The three men were on the spar deck a second later, straining their eyes into the black vagueness of the water.
“Indianos!” shouted two other sailors on the forecastle, and from the spar deck it seemed to be possible to distinguish several black objects moving towards the ship.
“The siren, Boyle,” cried Courtenay, striking a match. At once the swelling note of the fog-horn smote the air and thundered away in tremendous sound waves. Soon a hissing, fiery serpent ran up the port wall of the chart-house, and a fine star rocket soared into the sky. It illuminated a wide area of the bay, and revealed a number of crowded canoes darting in on the ship from all sides. Courtenay grasped the lines connected with the remaining mines and hauled for dear life. Already the Indian rifle fire was crackling with vivid spurts of flame, and stones and arrows were beginning to patter on the deck and bang against the steel plates. Two of the dynamite bombs exploded with the usual din, but it was impossible to ascertain their effect owing to the yelling of the Indians.
The loud summons of the siren brought all hands from below; arms were hastily secured, the fore and aft awnings closed, and Walker made shift to hammer the engine-room door tight. The increasing violence of the stone-slinging showed that the Alaculofs meant to press home this time. Whatever their dread of the fiends who roam the world in the dark, they had conquered it, and this latest phase in the stormy history of the ship threatened to be its most trying one.

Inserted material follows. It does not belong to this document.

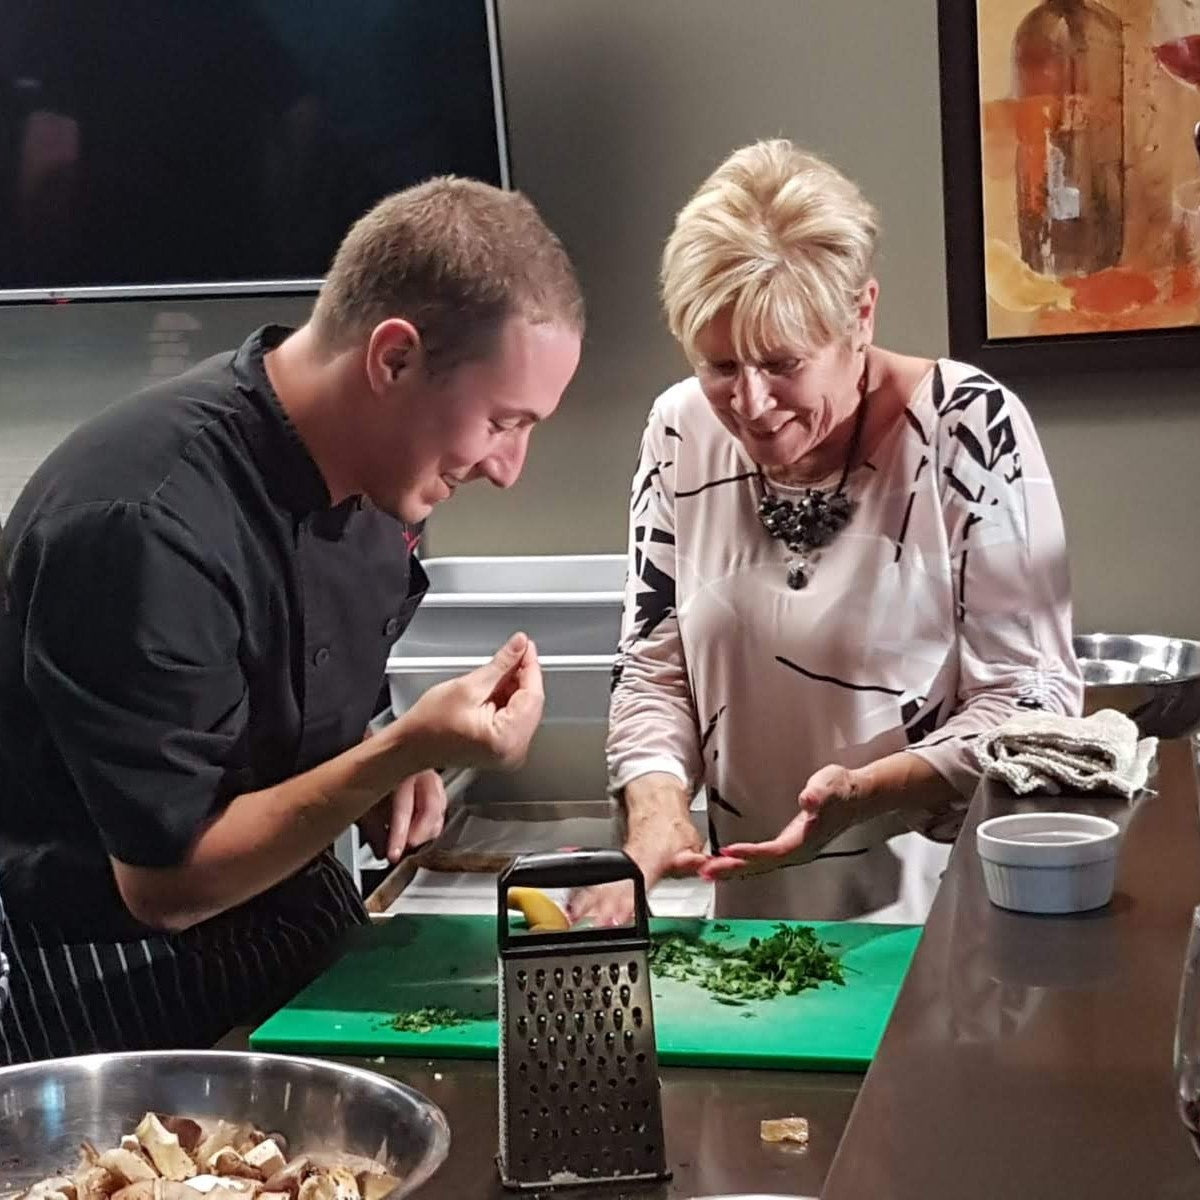 Midtown - Food Lover's 5-Course Cooking Class: A Night with Nonna (cost is per pair)

Courtenay, who seemed to be everywhere at once, lighted torches which were fastened to the empty davits in readiness for a night alarm. He had used the last rocket on board, but the flares would burn for fifteen minutes at least. By their light the defenders were able to shoot or smash the skulls of several savages who climbed up roughly contrived grapnells fashioned out of bent sticks and thongs of hide. But there were only thirteen men to repel an attack which developed at fifty points simultaneously. Ere the torches flickered in their sockets the savages had swarmed over poop and bows. They were tearing at the canvas shields and sweeping the hurricane deck with showers of missiles. Tollemache was injured, and Walker. Courtenay had his forehead cut open. Suarez fell insensible while he was bellowing curses through the megaphone in the vain hope of frightening the determined enemy. Two Chileans were down, one struck with a stone and the other shot through the lungs.
So, at last, the Kansas was in the grip of a savage and implacable foe. Courtenay, while hauling a steam hose to the weakest point, the after part of the promenade deck, met Christobal. He clutched the Spaniard in a way there could be no mistaking.
“Go below!” he muttered in a terrible voice. “I cannot leave the deck. You must go. And, for God’s sake, don’t tell her! Let her die without knowing!”
CHAPTER XV.
IN WHICH THE UNEXPECTED HAPPENS
When Christobal descended to the saloon he found Elsie holding the excited dog. It was instantly perceptible that she was not aware of the grave position of affairs on deck. She knew, of course, that the Alaculof menace had become active again, but the first attack had been beaten off so easily that she was sure this later effort would fail.
The dog was better informed. His alert ears told him that there were strange beings on board. He struggled so resolutely that Elsie freed him just as the Spaniard reached the foot of the stairs. Forgetting his wounded paw, and all a-quiver with the fine courage of his race, Joey galloped up the companion and disappeared. Elsie was much distressed by her four-footed friend’s useless pugnacity.